New Russian Naval Base Coming to Sudan

This month, Russia and Sudan signed an agreement providing for the establishment of a new Russia naval base near the creatively-named coastal city of Port Sudan, Sudan.  Lying close to the center of the Red Sea’s western coast, the location holds a lot of strategic potential (especially from the perspective of naval logistics) and should greatly enhance Russia’s ability to project naval power in the Mediterranean, Red Sea and Indian Ocean. Notably, the base will be capable of, and allowed under the agreement, to host nuclear-powered vessels. As the base will not have an airstrip, its value for projecting power over continental Africa, will remain limited. Nevertheless, its value is still significant.

This development builds on a longer trend of cooperation between Russia and Sudan. Russian private military companies are known to have been active in the country and bilateral agreements on military and related technical support to Sudan had been signed back in 2019. Meanwhile, further back in 2018, the Sudanese Ministry of Energy contracted Russian companies to construct oil refineries in the Port Sudan area. By reinforcing this growing bilateral relationship, the new agreement flies in the face of recent US policy developments as the US had removed Sudan from its list of state sponsors of terrorism back in October and thus likely hoped to improve its own ties with Sudan.

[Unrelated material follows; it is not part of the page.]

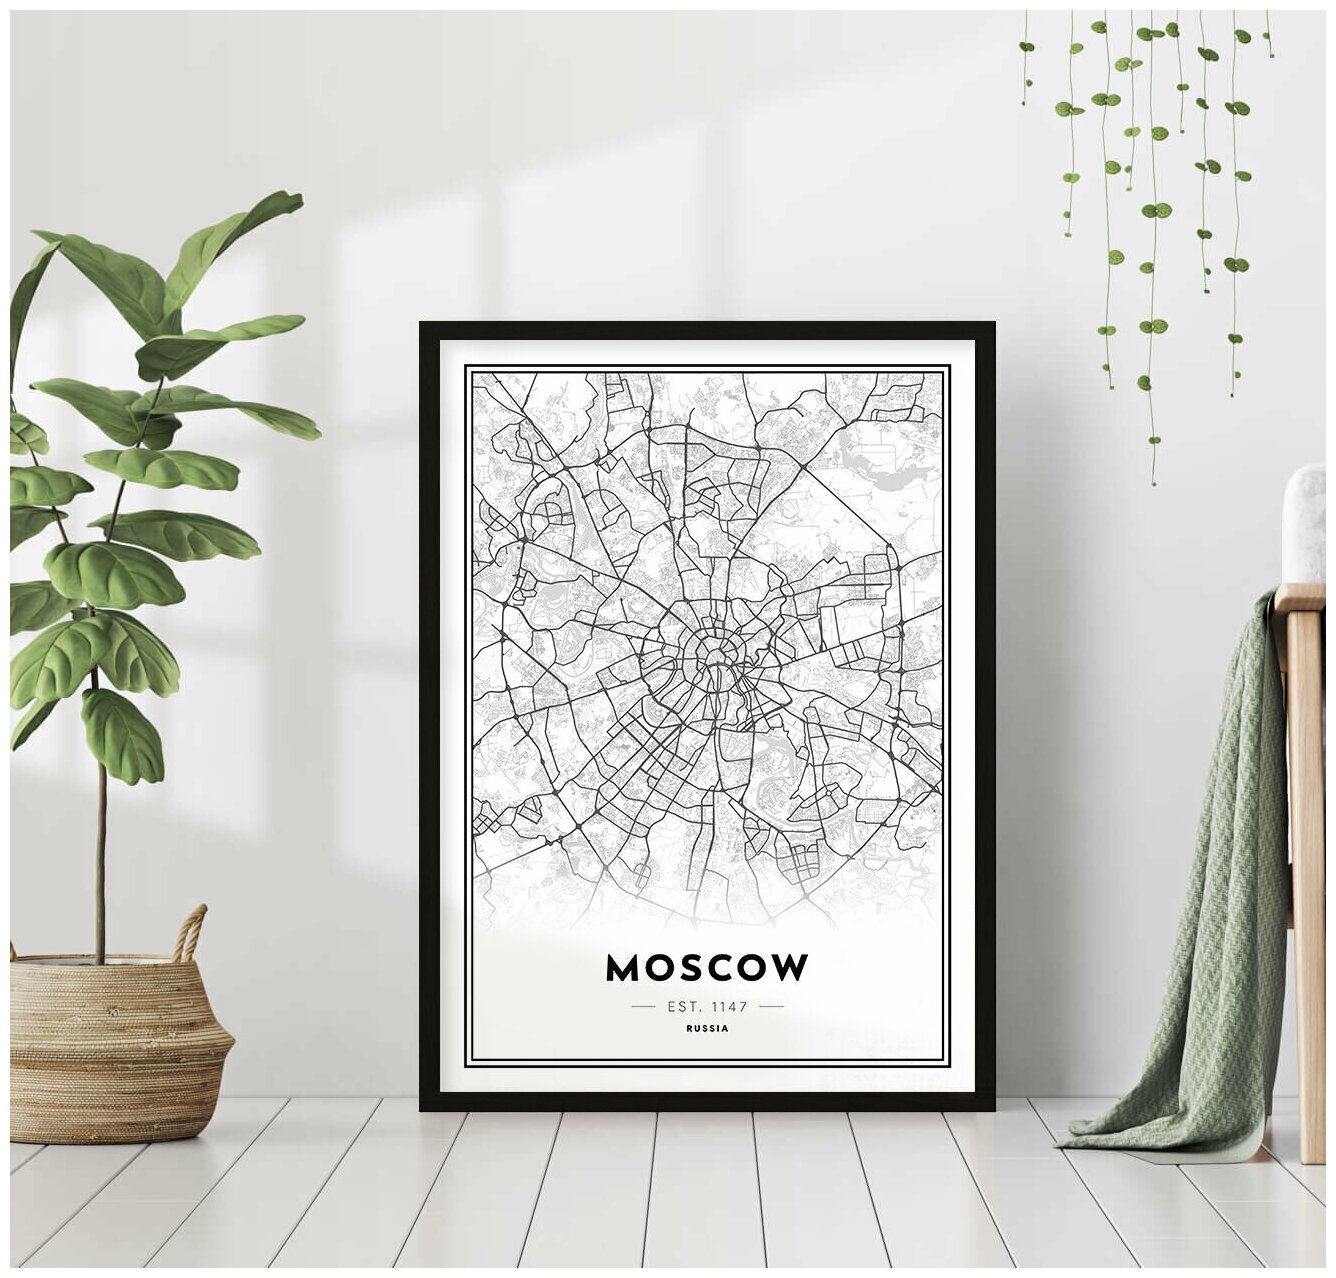 Постер В рамке "Москва. Карта города" 40 на 50 (черная рама) / Картина для интерьера / Плакат / Постер на стену / Интерьерные картины

Putin meets Sudanese president Omar Al-Bashir back in 2017.

The land for the base will be provided free of charge and no taxes or rent will be collected by the Sudanese government for at least the next 25 years.  Sudan stands to benefit as the base is expected to help suppress piracy; arms, drug and human trafficking; and protect local gas and oil installations. It may also offer a new backdoor through which Russia would be able to supply Sudan while dodging international sanctions.

For Russia, the base will build on a growing network of outposts in the region. Russian presence in Syria is already well established while in Libya, unofficial Russian presence through private military companies is nothing new.

There is still no information regarding how long it will take before the newly planned base is built and becomes fully operational.